While Leisure Care and Asbury have made significant investments into their corporate office infrastructure, Solera has more flexibility as a smaller and more recently founded company. Given that their lease on the co-working space was coming up soon, the corporate team is fully embracing remote working for the foreseeable future, Flores said.

“It’s proven that we’re all highly efficient and effective,” she said, of how the team has worked from home during Covid-19.

In addition to cutting overhead costs related to a physical office space, remote working should help Solera recruit the best talent regardless of where they live — and, Flores does not believe that remote working necessarily compromises company culture.

“I feel more connected now than I have in any other industry — we stay in touch on a daily basis, trying to support each other,” she said.

Having a glimpse of co-workers’ children in the background during Zoom meetings, or otherwise getting a sense of their home life, creates bonds that were harder to establish when working in an office, she believes. Such bonds help cement the culture that Kaplan described when Flores was interviewing.

“He said, I’m a big believer in both personal and professional successes,” Flores said. “I think that’s the culture he’s creating.”

And as a single mother of an 8-year-old son, she also has appreciated the flexibility that remote working enables.

Her typical routine is to start the work day a little before 8 a.m., take a break around 1 p.m. to situate her son with his daily online learning and support him in that, and then work through the afternoon. Not having to commute adds to her productive time.

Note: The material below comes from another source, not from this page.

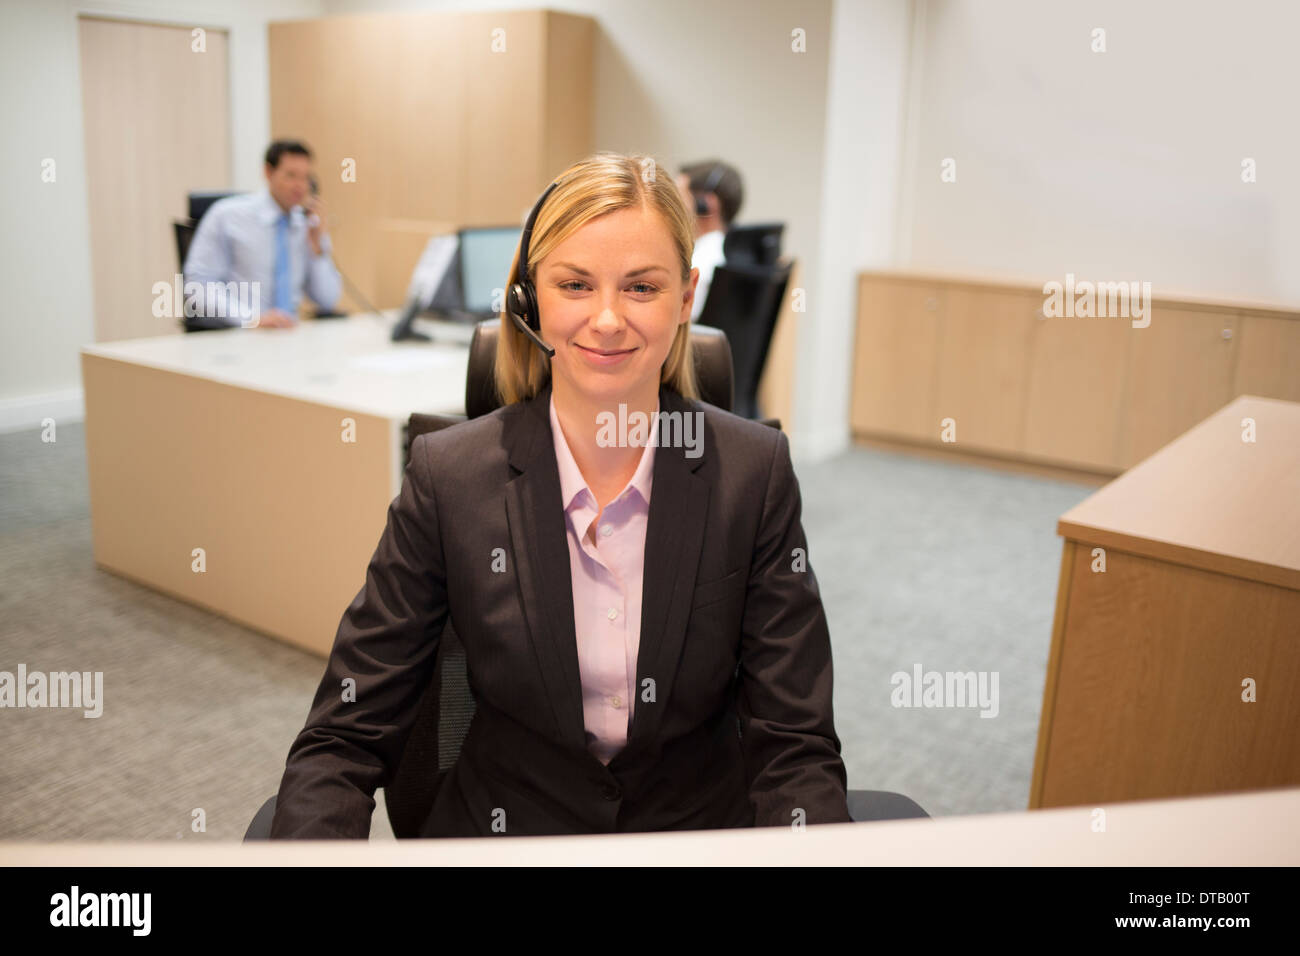 Portrait of smiling woman réceptionniste dans le hall Banque D'Images

Cutting out the commute and other aspects of remote working should make jobs at Solera more accessible to a wider, more diverse pool of applicants, Flores believes. But she is also sensitive to the fact that not every potential employee is on a level playing field when it comes to working from home. Only people who have a comfortable space in their home, with the right internet access, tech hardware and other tools, can succeed.

To that end, Solera is committed to supporting workers in this new environment. That means asking employees if they have all the tools they need to work from home, and what pain points they may be experiencing — and having a culture in which they feel comfortable answering those questions honestly, Flores said.

“If they need a backdrop to wall off a private area of their home … if they need two monitors, if they need a printer, if they need the correct chair, I think those are the basics that, as a good employer, we need to provide for our employees,” she said.

And while she understands that creating a virtual corporate office may not be possible or desirable for every company — whether in senior living or other industries — Flores does expect that it will become more commonplace due to the benefits in efficiency and productivity, cost savings and access to talent.

“I think more employers are seeing that right now,” she said.